First, bureaucrats are no less prone to poor judgment than politicians. As evidence, consider Siegal Sadetzki, part of the Netanyahu-led triumvirate that ran Israel’s initial response to the coronavirus. It’s unsurprising that Gur never mentioned Sadetzki even as he lauded the triumvirate’s third member, former Health Ministry Director General Moshe Bar Siman-Tov; she and her fellow Health Ministry staffers are a major reason why Israel still lacks a functional test-and-trace system.
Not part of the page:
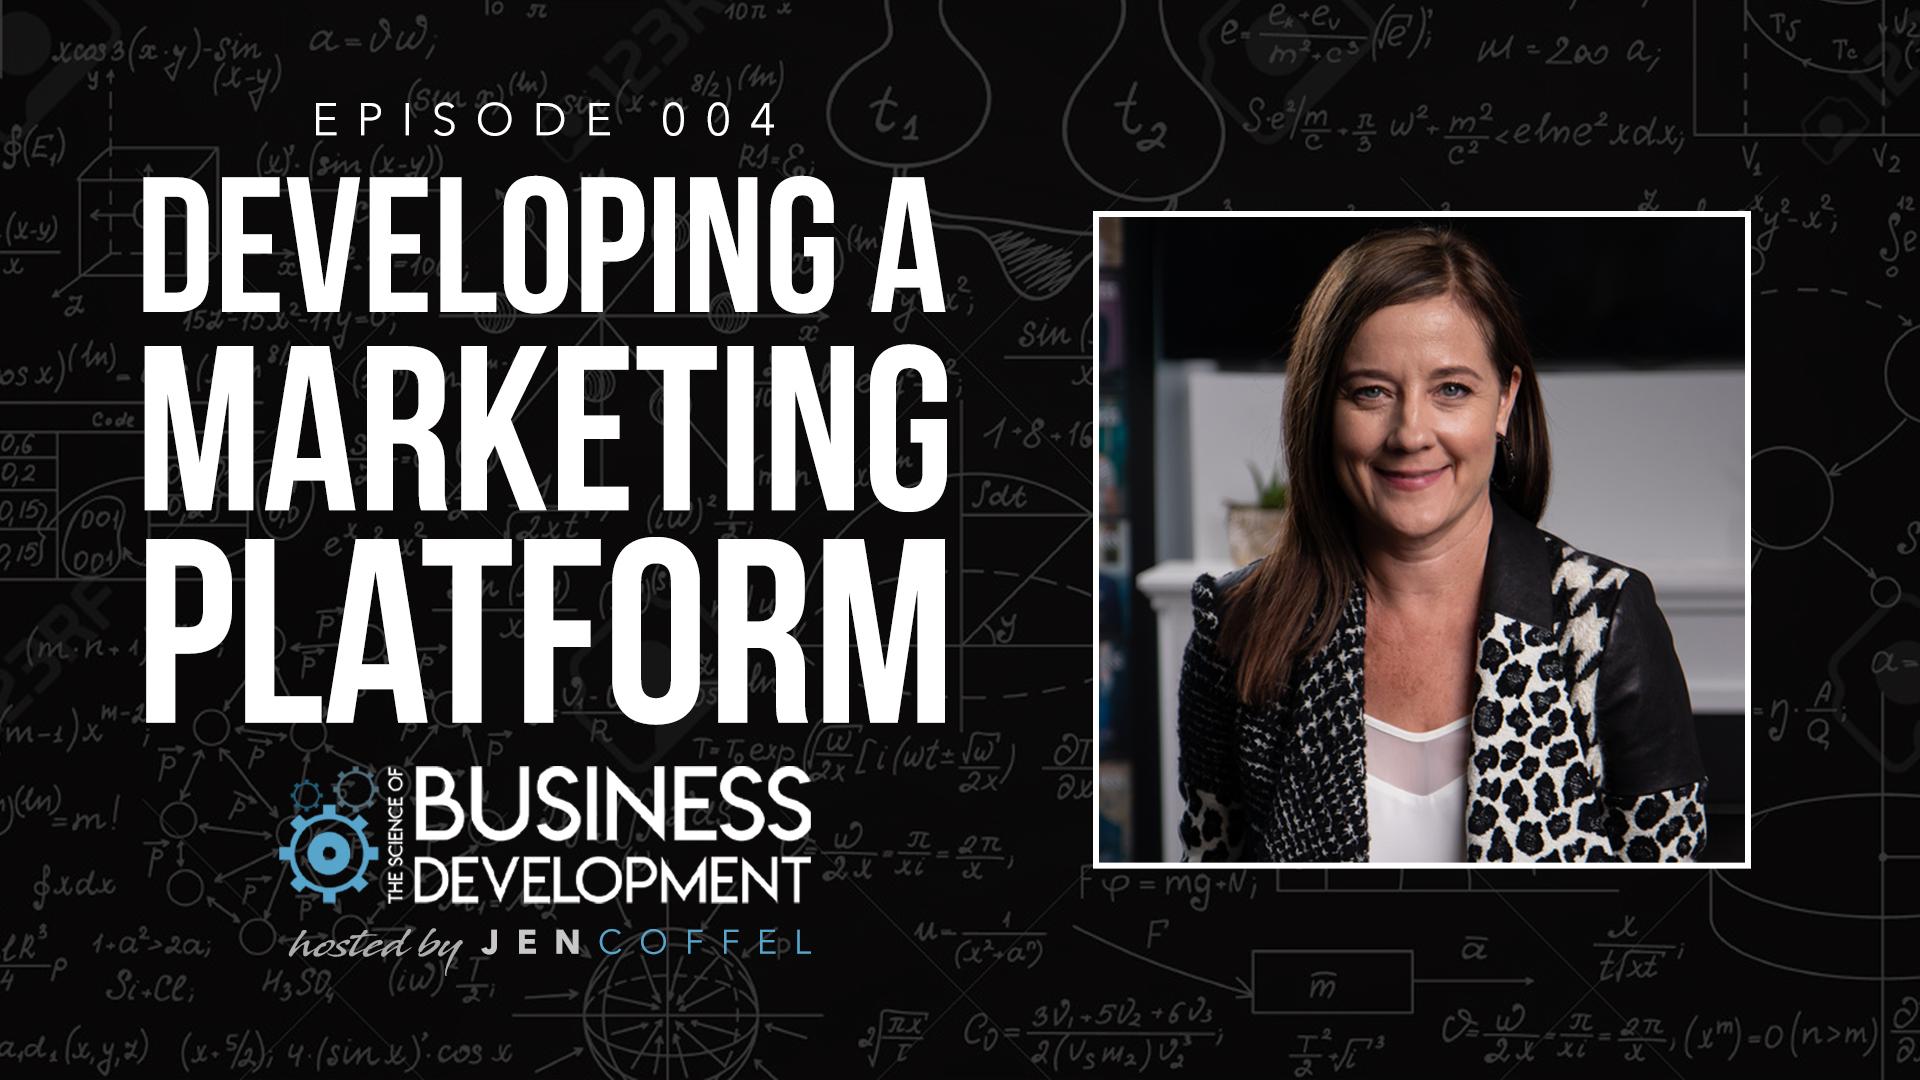 TSOBD - Developing a Marketing Strategy

Sadetzki, an epidemiologist, was the ministry’s director of public-health services and the only member of the triumvirate with professional expertise in epidemics (Bar Siman-Tov is an economist). As such, her input was crucial. Yet she adamantly opposed expanding virus testing, even publicly asserting that “Too much testing will increase complacence.” She opposed letting organizations outside the public-health system do lab work for coronavirus tests, even though the system was overwhelmed. She opposed sewage monitoring to track the spread of the virus. And on, and on.

Moreover, even after acknowledging that test-and-trace was necessary, ministry bureaucrats insisted for months that their ministry do the tracing despite its glaringly inadequate manpower. Only in August was the job finally given to the army, which does have the requisite personnel. And the system still isn’t fully operational.